◆ RECORDS FOR PROCESSING ◆
◆ ◆ ◆ ◆ ◆
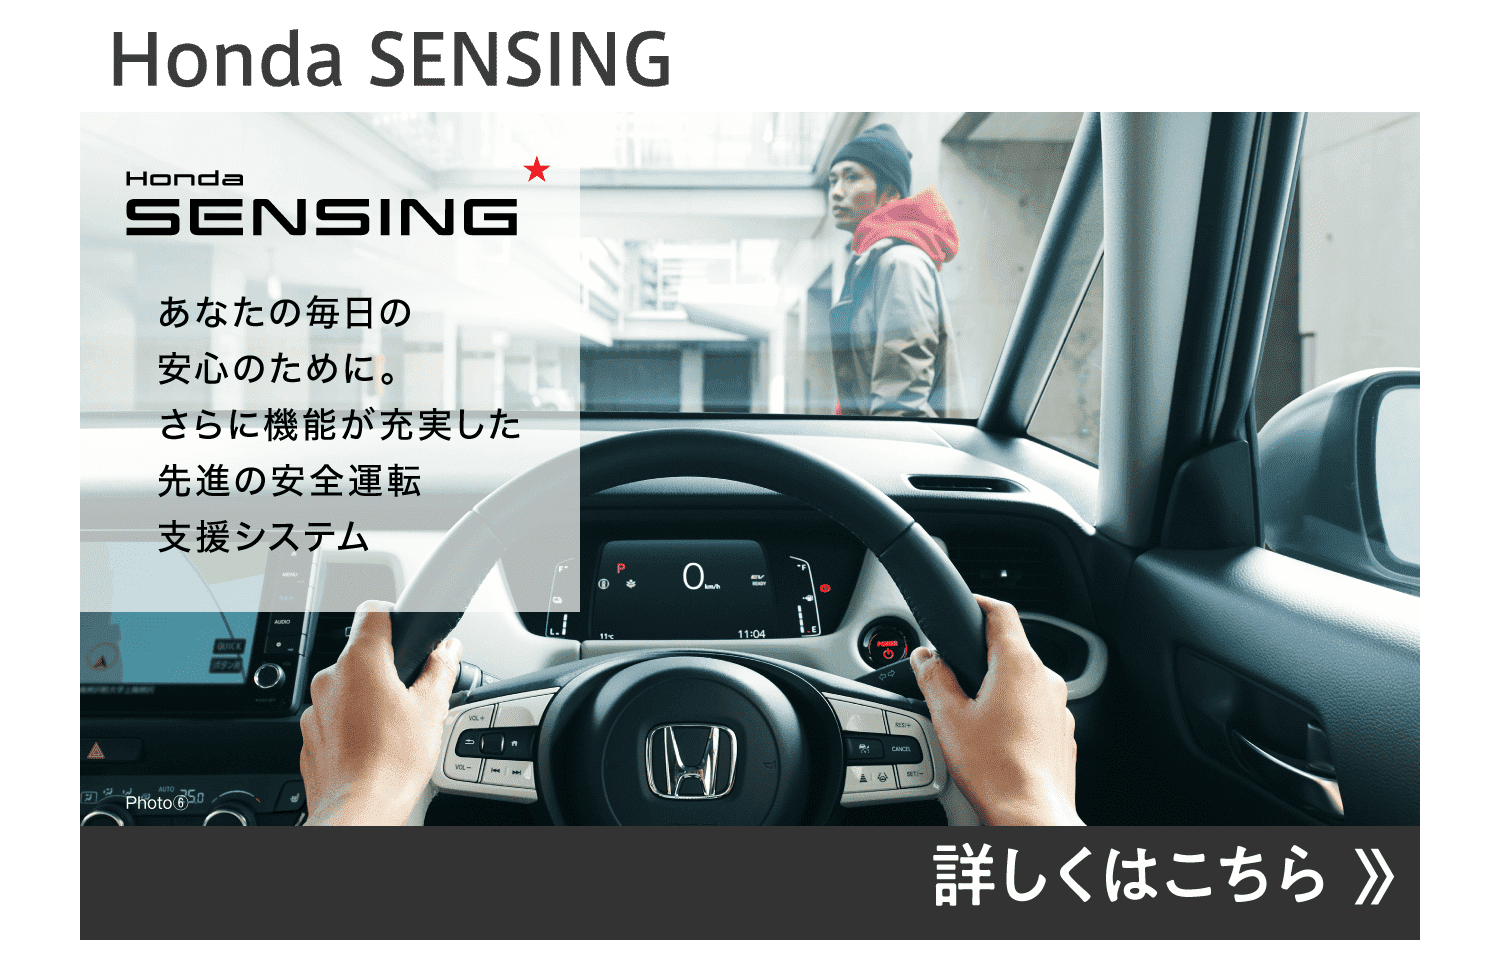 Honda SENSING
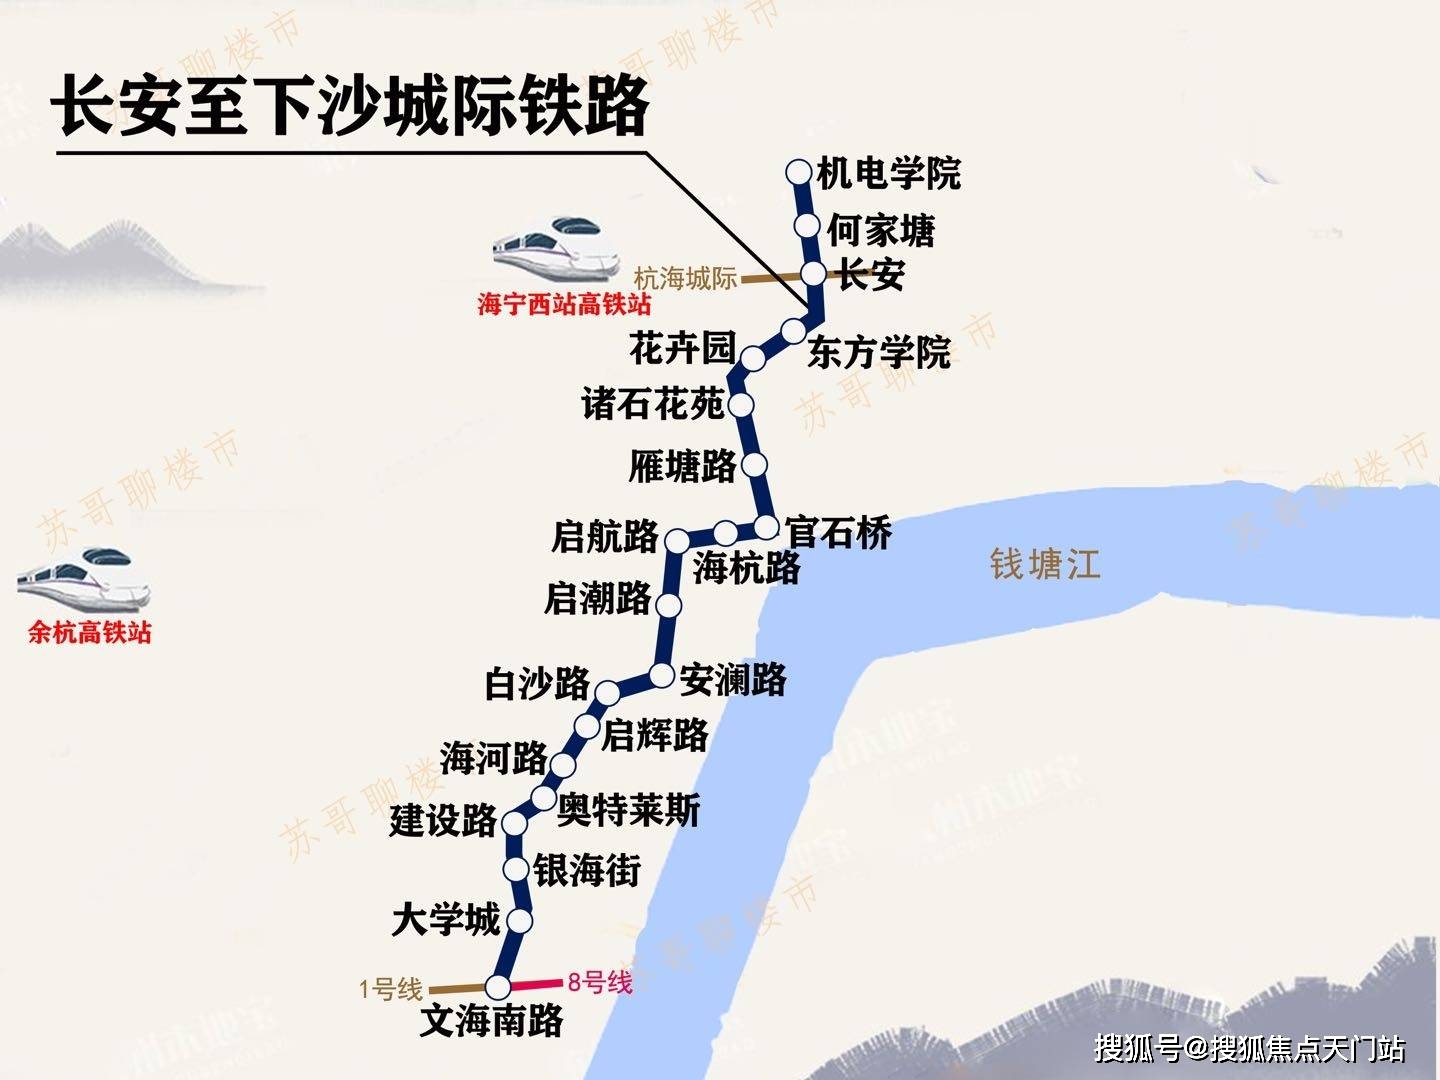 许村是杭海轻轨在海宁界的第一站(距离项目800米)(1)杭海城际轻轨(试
◆ ◆ ◆ ◆ ◆
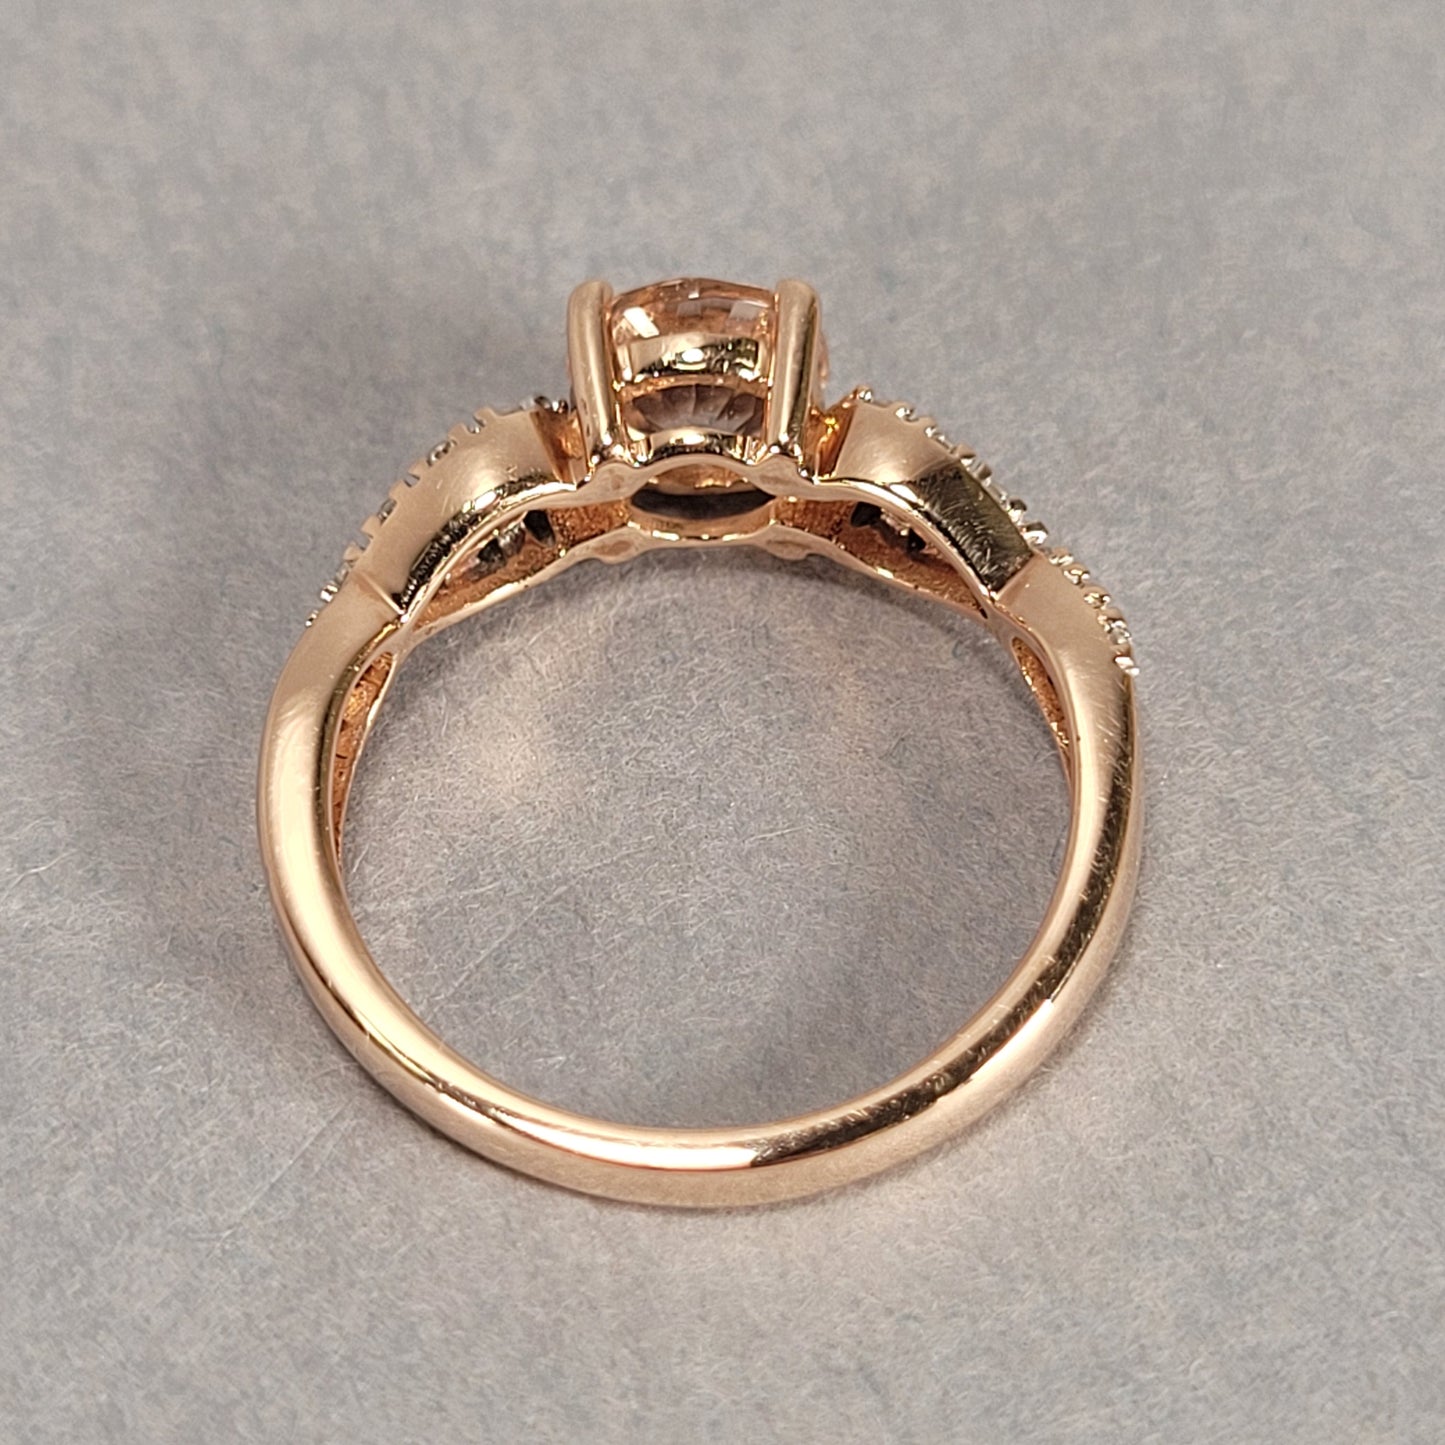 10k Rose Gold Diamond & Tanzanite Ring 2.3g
◆ ◆ ◆ ◆ ◆
◆ WHAT IS REQUIRED ◆
Your reply should consist solely of the lines above from the line containing "Honda SENSING" up to and including the line containing "许村是杭海轻轨在海宁界的第一站(距离项目800米)(1)杭海城际轻轨(试", reproduced exactly, minus the pictures.

◆ WRITTEN RESPONSE ◆
 Honda SENSING
 许村是杭海轻轨在海宁界的第一站(距离项目800米)(1)杭海城际轻轨(试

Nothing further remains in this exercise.